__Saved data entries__
::::::
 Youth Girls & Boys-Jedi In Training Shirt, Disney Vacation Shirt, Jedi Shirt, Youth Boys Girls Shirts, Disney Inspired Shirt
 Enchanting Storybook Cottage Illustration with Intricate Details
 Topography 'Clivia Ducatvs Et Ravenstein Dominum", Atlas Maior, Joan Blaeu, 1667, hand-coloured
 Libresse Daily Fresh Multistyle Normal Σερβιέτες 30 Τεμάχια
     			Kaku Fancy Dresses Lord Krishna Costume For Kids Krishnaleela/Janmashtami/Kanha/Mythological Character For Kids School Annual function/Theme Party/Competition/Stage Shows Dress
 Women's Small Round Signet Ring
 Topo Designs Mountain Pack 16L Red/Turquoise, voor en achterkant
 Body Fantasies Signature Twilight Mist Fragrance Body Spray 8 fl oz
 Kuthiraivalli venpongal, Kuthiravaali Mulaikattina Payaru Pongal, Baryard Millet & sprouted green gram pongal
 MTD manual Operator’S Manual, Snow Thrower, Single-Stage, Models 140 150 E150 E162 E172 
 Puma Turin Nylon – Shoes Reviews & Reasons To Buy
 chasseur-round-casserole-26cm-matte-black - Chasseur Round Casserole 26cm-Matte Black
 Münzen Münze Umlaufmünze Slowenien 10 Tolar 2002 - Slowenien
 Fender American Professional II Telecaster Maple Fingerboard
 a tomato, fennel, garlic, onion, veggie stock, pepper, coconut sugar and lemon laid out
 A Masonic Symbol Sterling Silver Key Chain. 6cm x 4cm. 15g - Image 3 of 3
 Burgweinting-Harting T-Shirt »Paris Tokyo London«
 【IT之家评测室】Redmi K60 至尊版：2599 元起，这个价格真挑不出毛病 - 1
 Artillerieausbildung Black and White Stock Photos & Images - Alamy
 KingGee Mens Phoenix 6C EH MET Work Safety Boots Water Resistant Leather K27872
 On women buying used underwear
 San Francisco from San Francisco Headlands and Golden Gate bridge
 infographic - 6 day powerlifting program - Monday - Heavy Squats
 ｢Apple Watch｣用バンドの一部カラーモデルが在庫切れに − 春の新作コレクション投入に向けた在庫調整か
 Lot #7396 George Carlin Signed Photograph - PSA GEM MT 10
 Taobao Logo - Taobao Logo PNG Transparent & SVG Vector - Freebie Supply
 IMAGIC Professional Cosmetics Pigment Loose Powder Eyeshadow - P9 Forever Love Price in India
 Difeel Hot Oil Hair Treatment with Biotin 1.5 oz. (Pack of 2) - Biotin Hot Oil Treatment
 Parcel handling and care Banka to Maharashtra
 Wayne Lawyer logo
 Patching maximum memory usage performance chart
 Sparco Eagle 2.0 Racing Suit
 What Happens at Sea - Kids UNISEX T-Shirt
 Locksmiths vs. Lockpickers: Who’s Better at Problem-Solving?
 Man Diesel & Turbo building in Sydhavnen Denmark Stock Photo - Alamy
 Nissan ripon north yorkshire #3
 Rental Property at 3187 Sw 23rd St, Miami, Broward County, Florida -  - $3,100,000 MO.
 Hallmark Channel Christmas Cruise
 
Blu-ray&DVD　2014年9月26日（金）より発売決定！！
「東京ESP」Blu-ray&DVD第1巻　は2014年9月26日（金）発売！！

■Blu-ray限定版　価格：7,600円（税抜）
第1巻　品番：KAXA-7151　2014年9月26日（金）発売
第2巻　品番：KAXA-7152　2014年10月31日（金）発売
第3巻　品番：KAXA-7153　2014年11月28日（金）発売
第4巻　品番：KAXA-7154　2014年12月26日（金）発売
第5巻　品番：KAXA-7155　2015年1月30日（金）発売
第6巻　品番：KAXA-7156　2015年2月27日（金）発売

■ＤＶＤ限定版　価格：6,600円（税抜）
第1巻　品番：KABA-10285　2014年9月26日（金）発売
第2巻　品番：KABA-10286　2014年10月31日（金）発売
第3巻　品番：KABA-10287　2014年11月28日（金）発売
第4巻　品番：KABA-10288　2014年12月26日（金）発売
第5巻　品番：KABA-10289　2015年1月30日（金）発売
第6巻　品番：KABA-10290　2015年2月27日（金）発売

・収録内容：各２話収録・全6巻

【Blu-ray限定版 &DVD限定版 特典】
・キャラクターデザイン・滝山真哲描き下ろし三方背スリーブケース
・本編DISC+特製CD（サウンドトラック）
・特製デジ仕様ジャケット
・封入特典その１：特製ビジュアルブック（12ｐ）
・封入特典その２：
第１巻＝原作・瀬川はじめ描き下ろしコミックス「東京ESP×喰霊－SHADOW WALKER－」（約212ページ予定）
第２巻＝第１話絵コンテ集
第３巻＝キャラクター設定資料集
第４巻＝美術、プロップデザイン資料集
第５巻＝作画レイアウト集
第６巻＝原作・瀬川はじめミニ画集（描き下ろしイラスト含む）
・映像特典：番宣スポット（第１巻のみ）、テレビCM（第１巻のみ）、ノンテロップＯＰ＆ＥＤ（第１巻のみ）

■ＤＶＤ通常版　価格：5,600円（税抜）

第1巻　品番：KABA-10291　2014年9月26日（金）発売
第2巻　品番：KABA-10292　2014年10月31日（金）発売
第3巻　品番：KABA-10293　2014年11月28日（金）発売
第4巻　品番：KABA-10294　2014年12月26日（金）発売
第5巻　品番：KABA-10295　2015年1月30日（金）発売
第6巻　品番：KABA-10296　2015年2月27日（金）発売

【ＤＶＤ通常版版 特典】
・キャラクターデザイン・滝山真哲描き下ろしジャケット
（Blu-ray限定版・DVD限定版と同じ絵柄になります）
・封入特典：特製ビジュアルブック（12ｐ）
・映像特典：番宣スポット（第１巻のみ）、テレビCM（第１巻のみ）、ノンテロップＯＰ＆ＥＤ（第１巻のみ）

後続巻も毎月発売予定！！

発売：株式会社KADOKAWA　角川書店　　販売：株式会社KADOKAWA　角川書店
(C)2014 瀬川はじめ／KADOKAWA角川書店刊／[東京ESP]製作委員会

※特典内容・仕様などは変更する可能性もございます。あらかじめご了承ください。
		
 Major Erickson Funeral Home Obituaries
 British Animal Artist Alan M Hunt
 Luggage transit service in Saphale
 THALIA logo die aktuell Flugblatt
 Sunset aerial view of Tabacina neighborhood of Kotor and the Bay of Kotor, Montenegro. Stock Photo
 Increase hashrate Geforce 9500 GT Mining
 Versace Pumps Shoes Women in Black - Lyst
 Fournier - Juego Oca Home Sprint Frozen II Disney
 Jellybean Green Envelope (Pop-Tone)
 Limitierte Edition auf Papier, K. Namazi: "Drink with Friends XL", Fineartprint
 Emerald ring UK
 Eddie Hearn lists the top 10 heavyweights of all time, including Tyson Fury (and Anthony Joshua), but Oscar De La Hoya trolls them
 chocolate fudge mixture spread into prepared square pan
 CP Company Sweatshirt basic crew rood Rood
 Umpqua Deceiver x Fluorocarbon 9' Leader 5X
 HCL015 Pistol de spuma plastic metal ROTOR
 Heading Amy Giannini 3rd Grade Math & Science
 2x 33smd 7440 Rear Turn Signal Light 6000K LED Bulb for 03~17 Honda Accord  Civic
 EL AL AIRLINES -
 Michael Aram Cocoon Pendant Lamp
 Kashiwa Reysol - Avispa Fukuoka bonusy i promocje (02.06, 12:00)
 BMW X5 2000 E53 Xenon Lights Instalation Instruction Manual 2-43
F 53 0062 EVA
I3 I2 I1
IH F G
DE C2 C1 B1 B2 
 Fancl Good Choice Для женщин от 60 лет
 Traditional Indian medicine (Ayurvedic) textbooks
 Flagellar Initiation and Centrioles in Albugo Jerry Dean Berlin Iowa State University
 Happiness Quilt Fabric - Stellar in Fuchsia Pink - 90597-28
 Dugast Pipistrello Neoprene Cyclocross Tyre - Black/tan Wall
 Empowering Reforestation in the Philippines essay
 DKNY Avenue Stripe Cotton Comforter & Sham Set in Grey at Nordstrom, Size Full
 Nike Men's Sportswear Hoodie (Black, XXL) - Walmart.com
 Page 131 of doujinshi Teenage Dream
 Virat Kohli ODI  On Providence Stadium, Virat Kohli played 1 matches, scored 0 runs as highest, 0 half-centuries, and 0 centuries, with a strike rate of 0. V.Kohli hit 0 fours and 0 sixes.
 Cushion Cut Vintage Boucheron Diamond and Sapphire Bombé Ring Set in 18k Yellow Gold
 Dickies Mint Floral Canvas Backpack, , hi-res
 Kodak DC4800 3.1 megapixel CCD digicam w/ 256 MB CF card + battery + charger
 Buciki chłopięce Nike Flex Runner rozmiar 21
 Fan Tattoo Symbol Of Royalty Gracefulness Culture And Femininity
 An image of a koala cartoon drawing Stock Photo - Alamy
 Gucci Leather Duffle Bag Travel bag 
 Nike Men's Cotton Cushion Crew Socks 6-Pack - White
::::::
__Task to complete__
For each line above that contains the word "KABA", make a copy.

__Exercise solution__
第1巻　品番：KABA-10285　2014年9月26日（金）発売
第2巻　品番：KABA-10286　2014年10月31日（金）発売
第3巻　品番：KABA-10287　2014年11月28日（金）発売
第4巻　品番：KABA-10288　2014年12月26日（金）発売
第5巻　品番：KABA-10289　2015年1月30日（金）発売
第6巻　品番：KABA-10290　2015年2月27日（金）発売
第1巻　品番：KABA-10291　2014年9月26日（金）発売
第2巻　品番：KABA-10292　2014年10月31日（金）発売
第3巻　品番：KABA-10293　2014年11月28日（金）発売
第4巻　品番：KABA-10294　2014年12月26日（金）発売
第5巻　品番：KABA-10295　2015年1月30日（金）発売
第6巻　品番：KABA-10296　2015年2月27日（金）発売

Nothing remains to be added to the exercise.